TASK OBJECTIVE:
Below are the records. Retype, exactly, the lines from the first through the line with "В Днепре спасатели", and leave out the pictures.

++++++++++

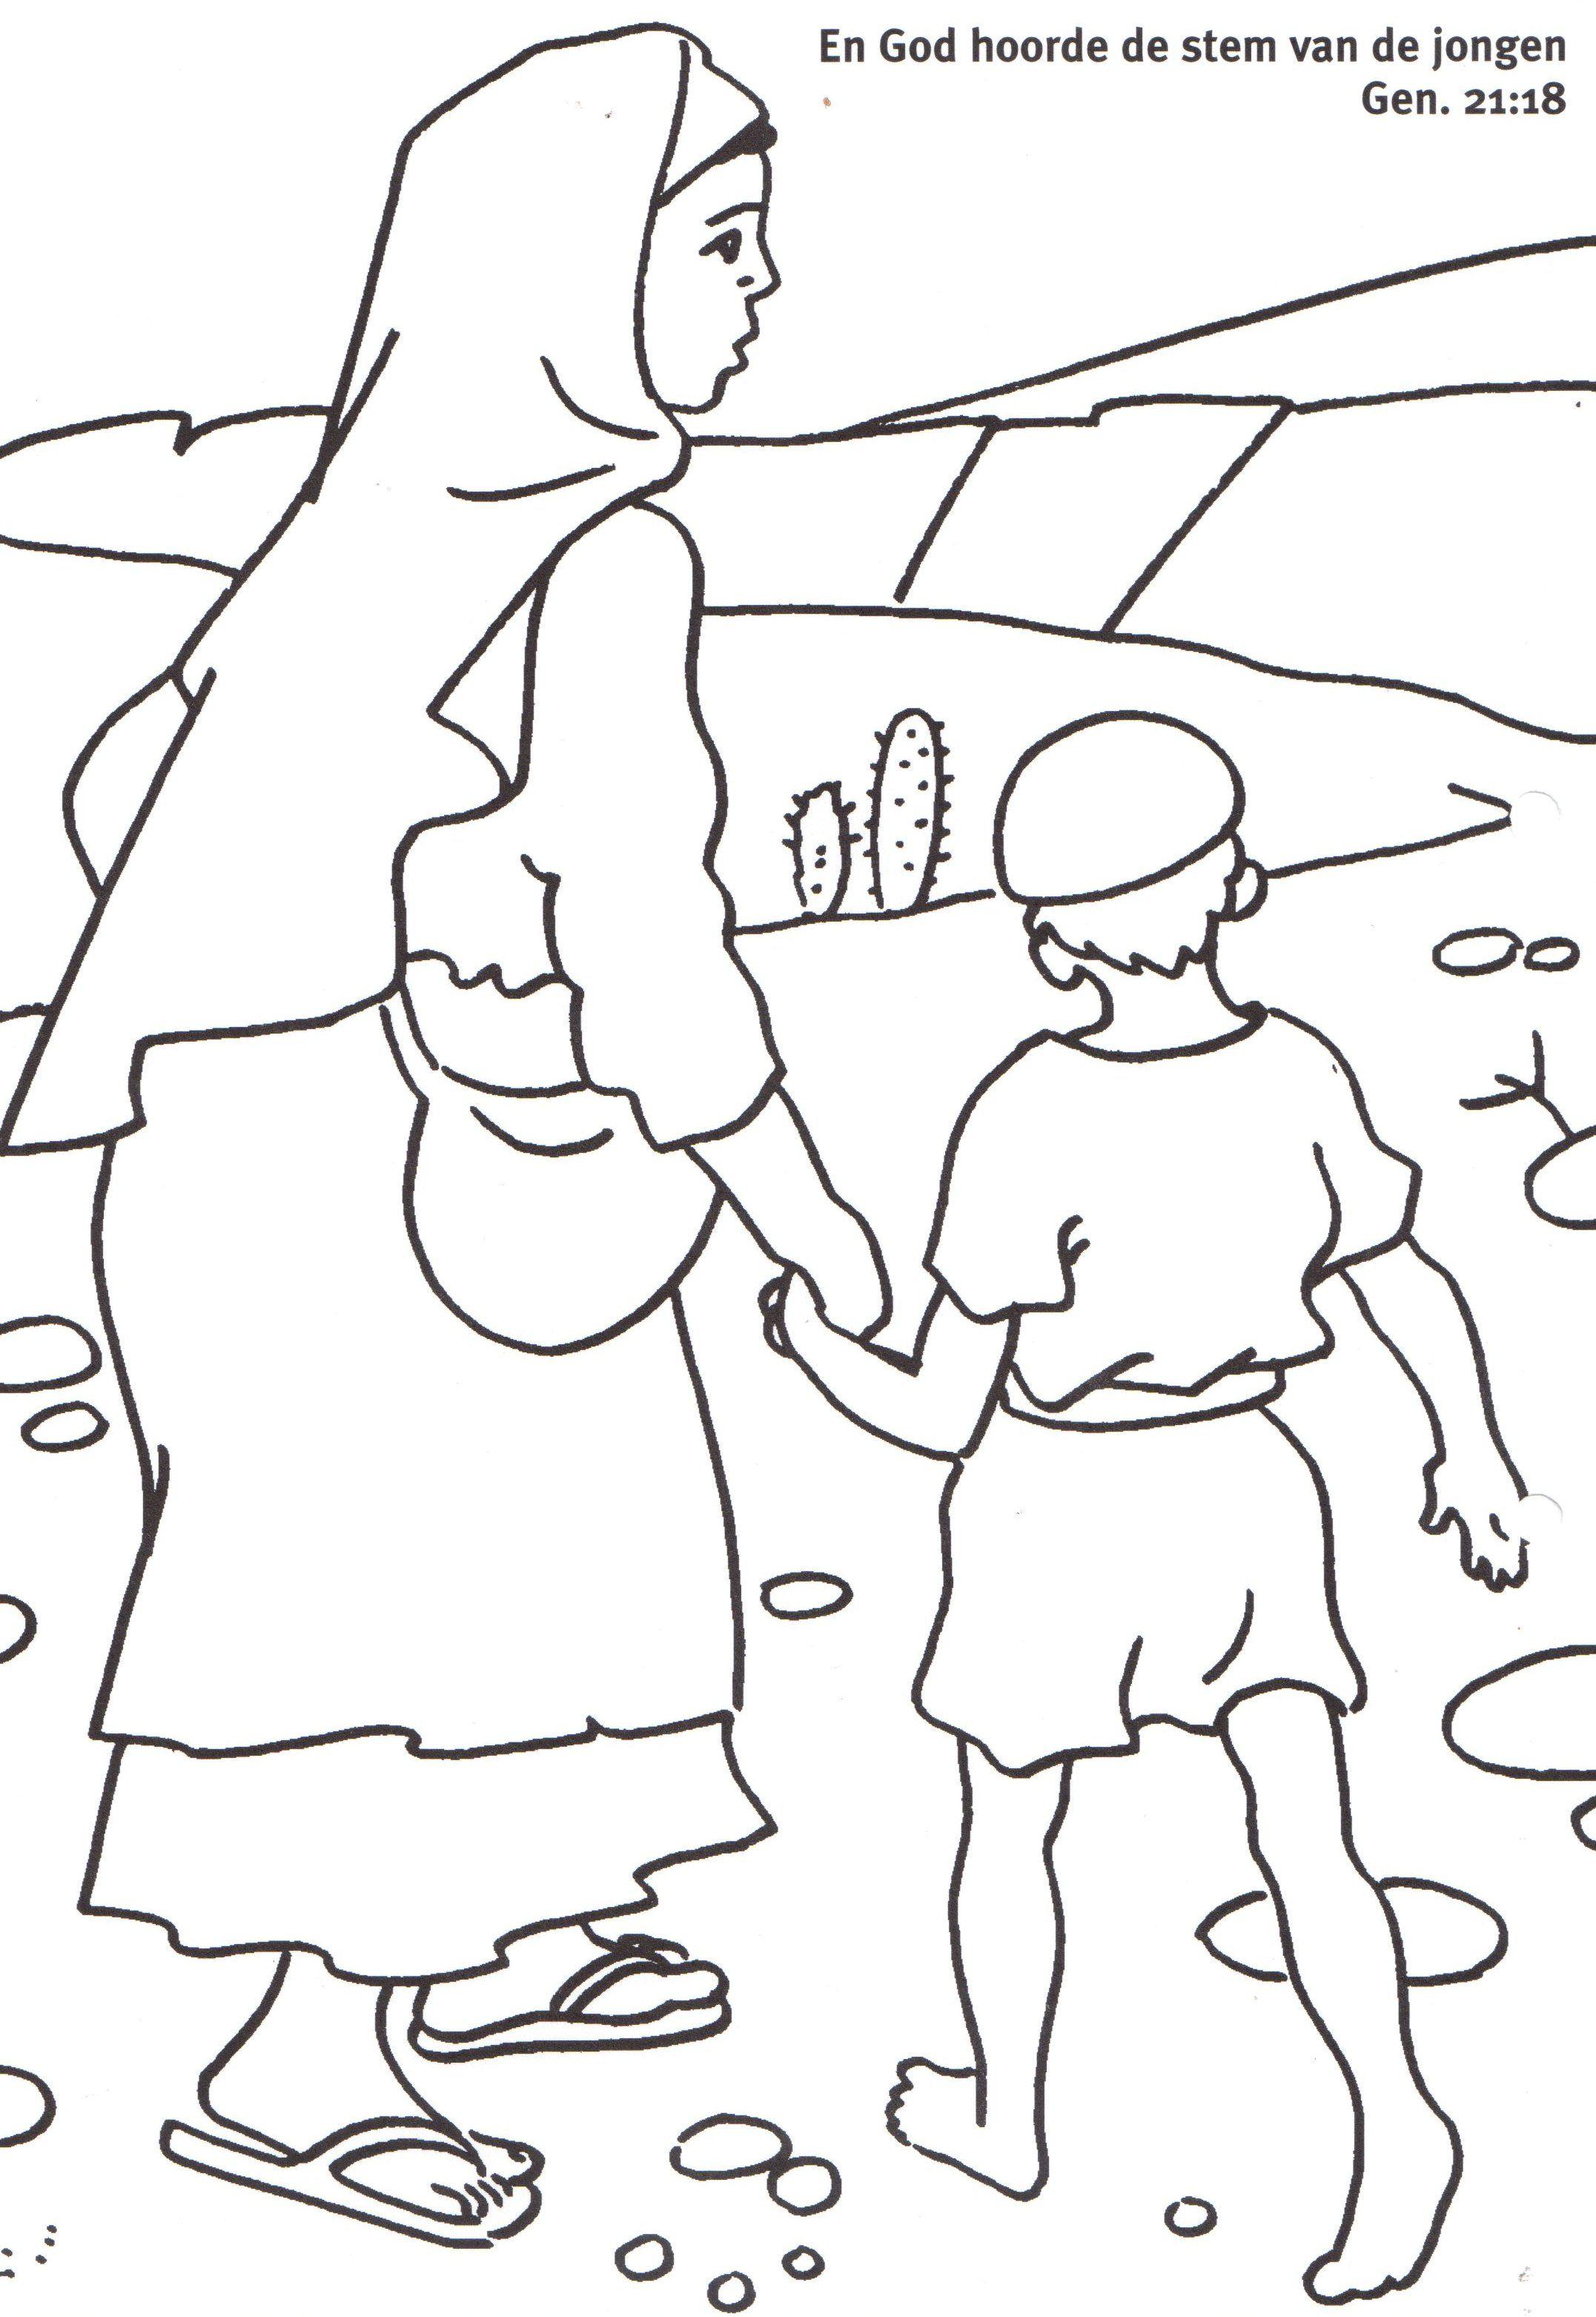 Pin by Heather McCary on Bible OT: Abram/Abraham | Pinterest | Bible ...
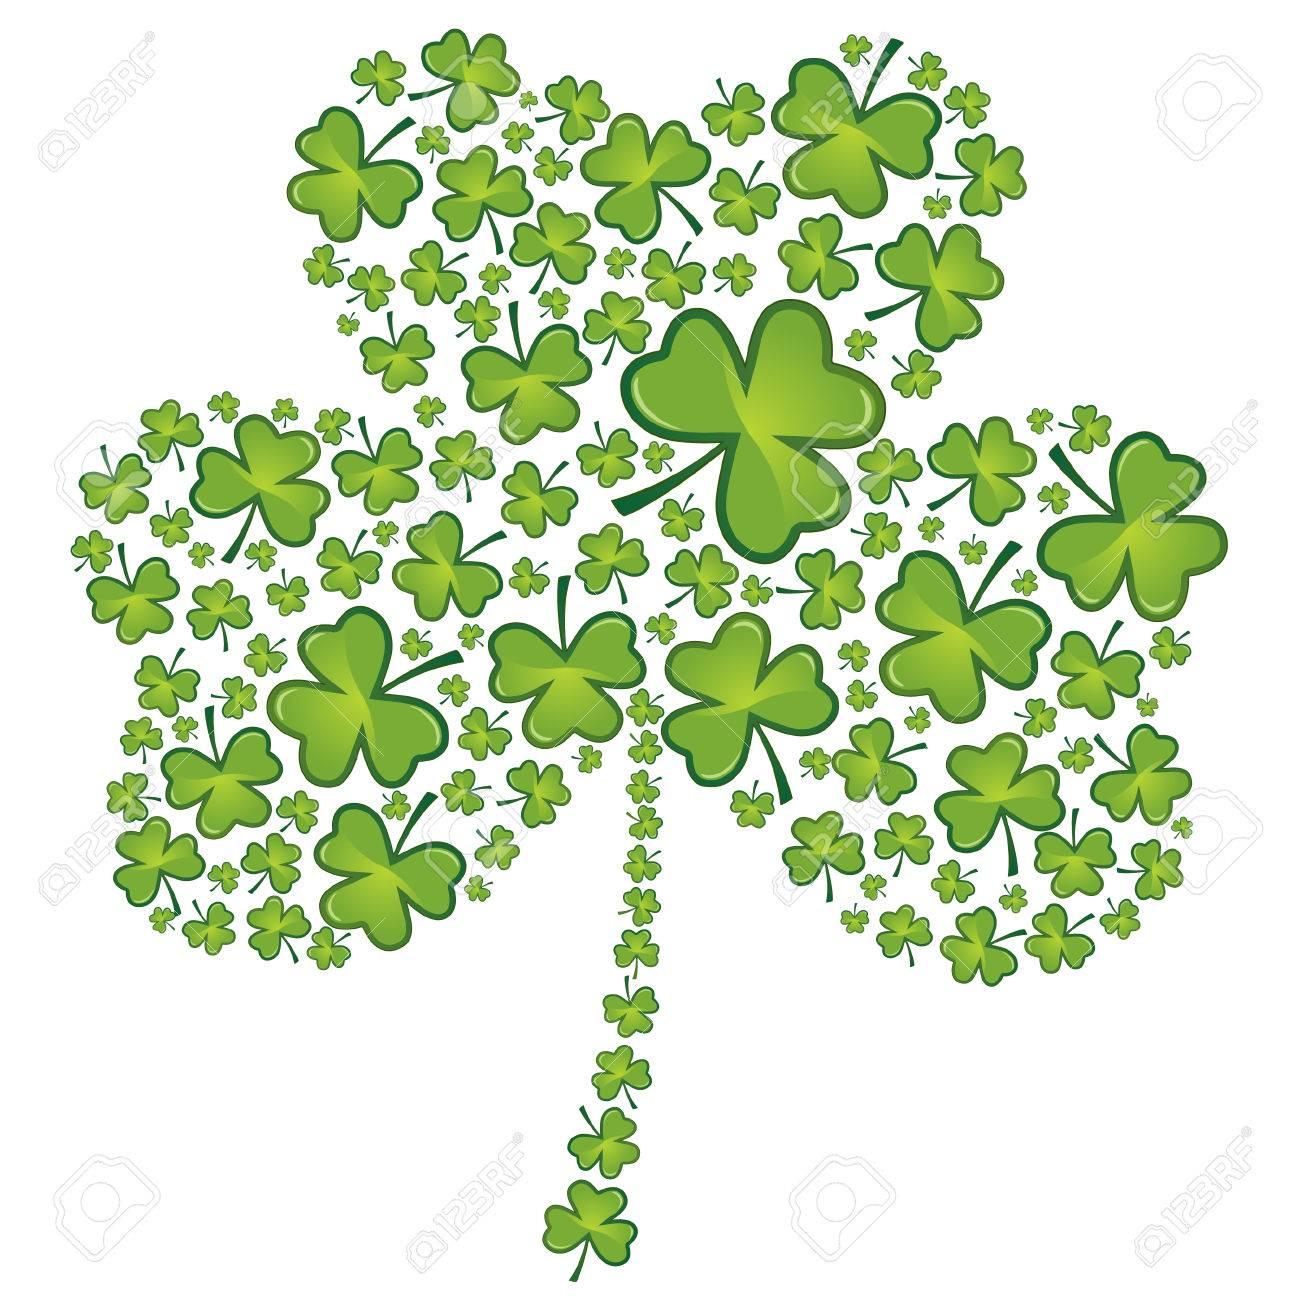 St Patricku0027s day shamrock pattern Stock Vector - 4315438
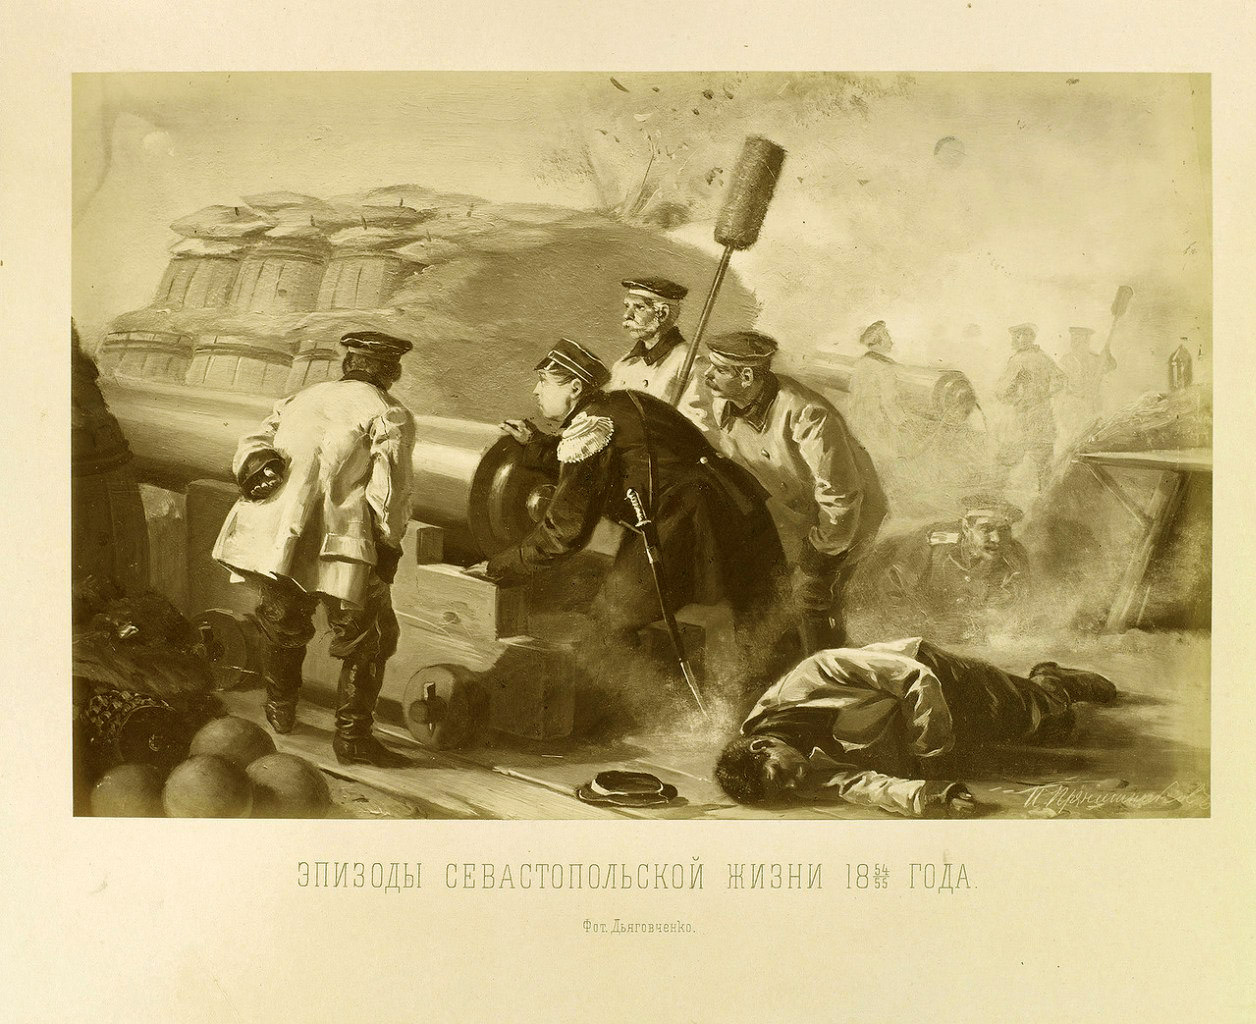 «Эпизоды Севастопольской жизни» 1854-1855. Крымская война.
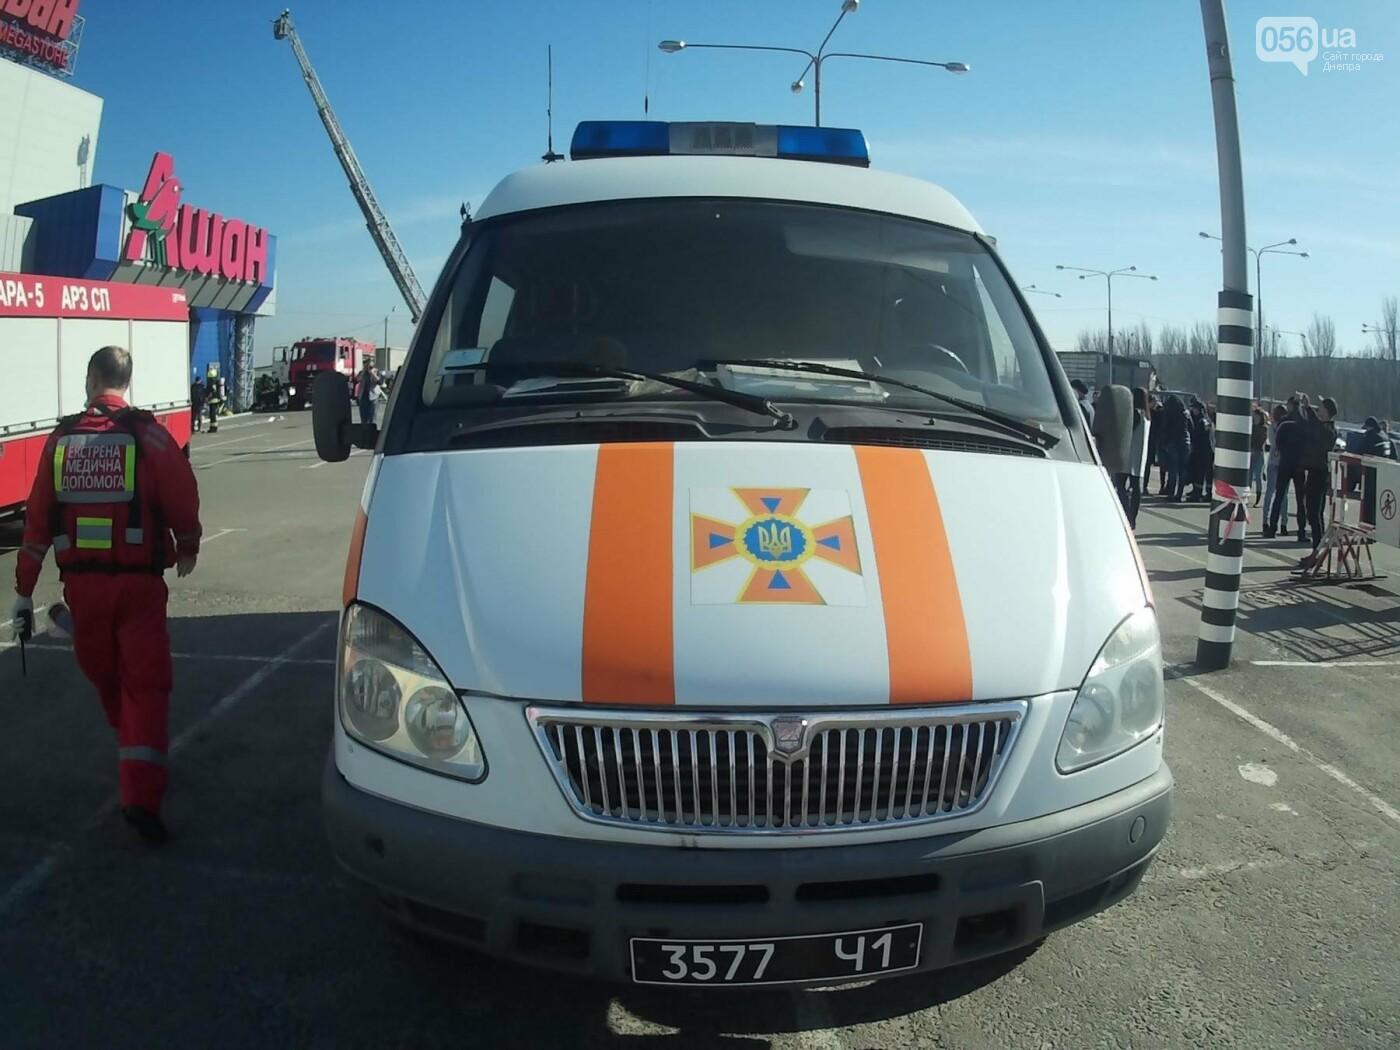 В Днепре спасатели эвакуировали персонал и посетителей из «Каравана» (ФОТО, ВИДЕО), фото-4
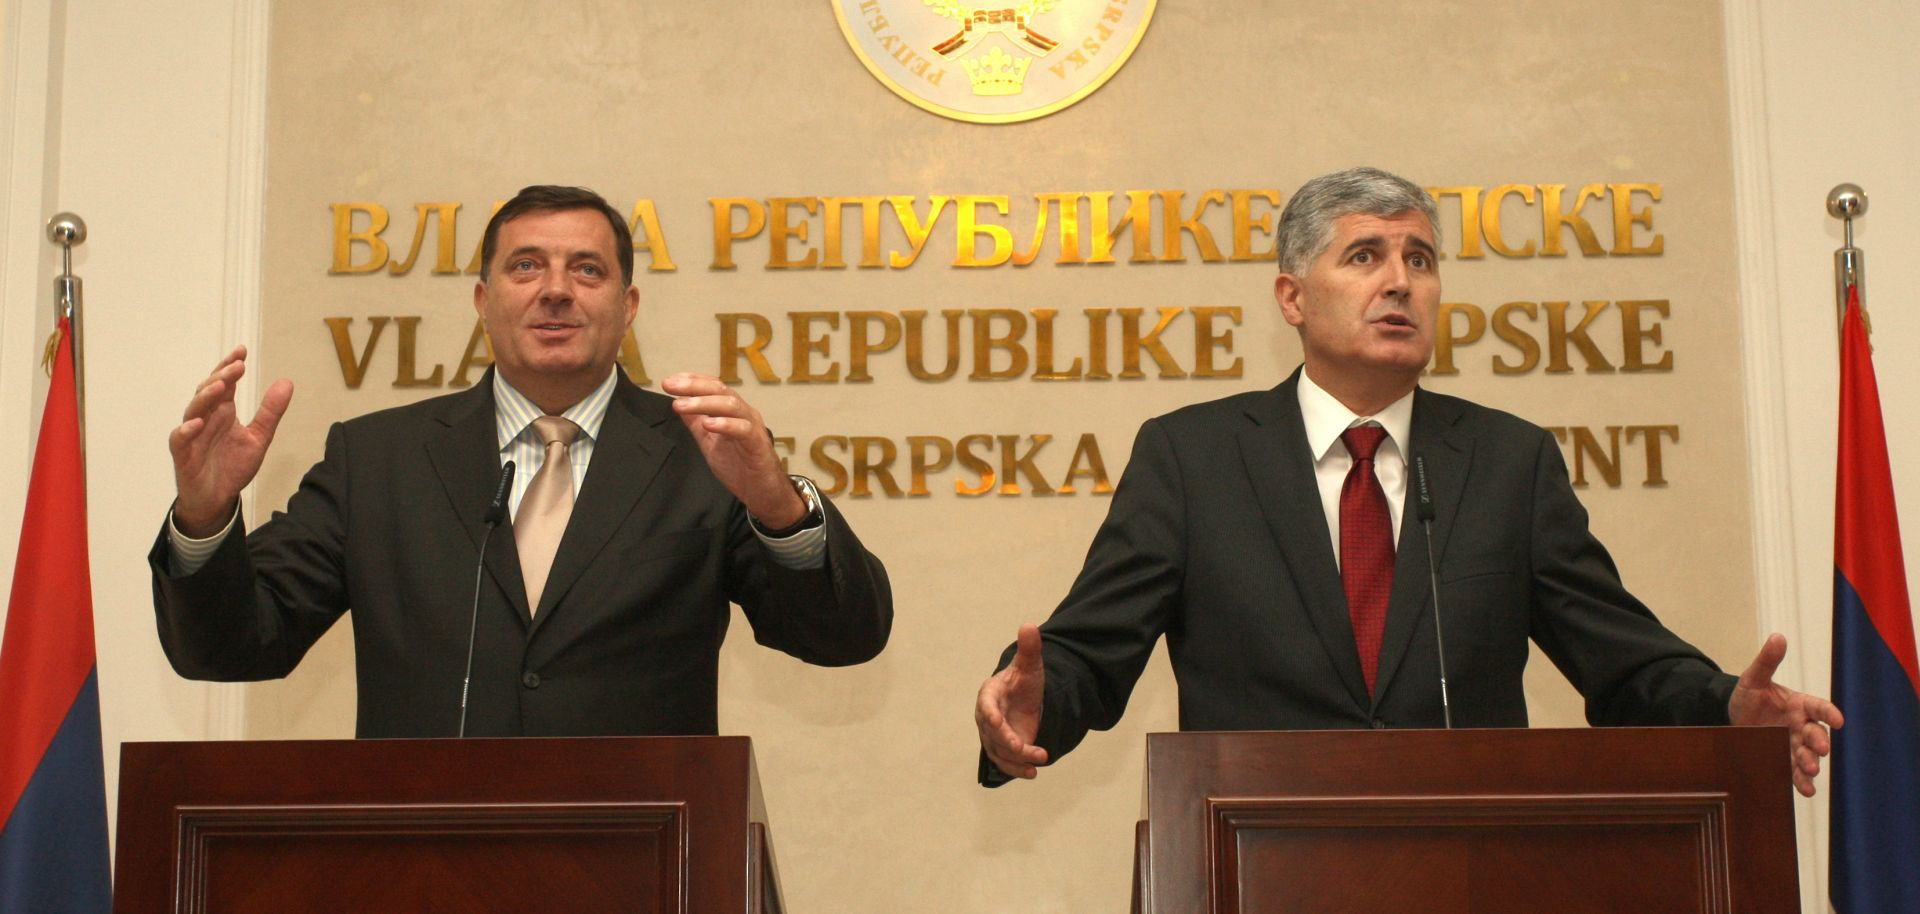 BiH: U RS šutnja uoči referenduma, napetosti rastu

++++++++++

RESULT OF THE TASK:
 Pin by Heather McCary on Bible OT: Abram/Abraham | Pinterest | Bible ...
 St Patricku0027s day shamrock pattern Stock Vector - 4315438
 «Эпизоды Севастопольской жизни» 1854-1855. Крымская война.
 В Днепре спасатели эвакуировали персонал и посетителей из «Каравана» (ФОТО, ВИДЕО), фото-4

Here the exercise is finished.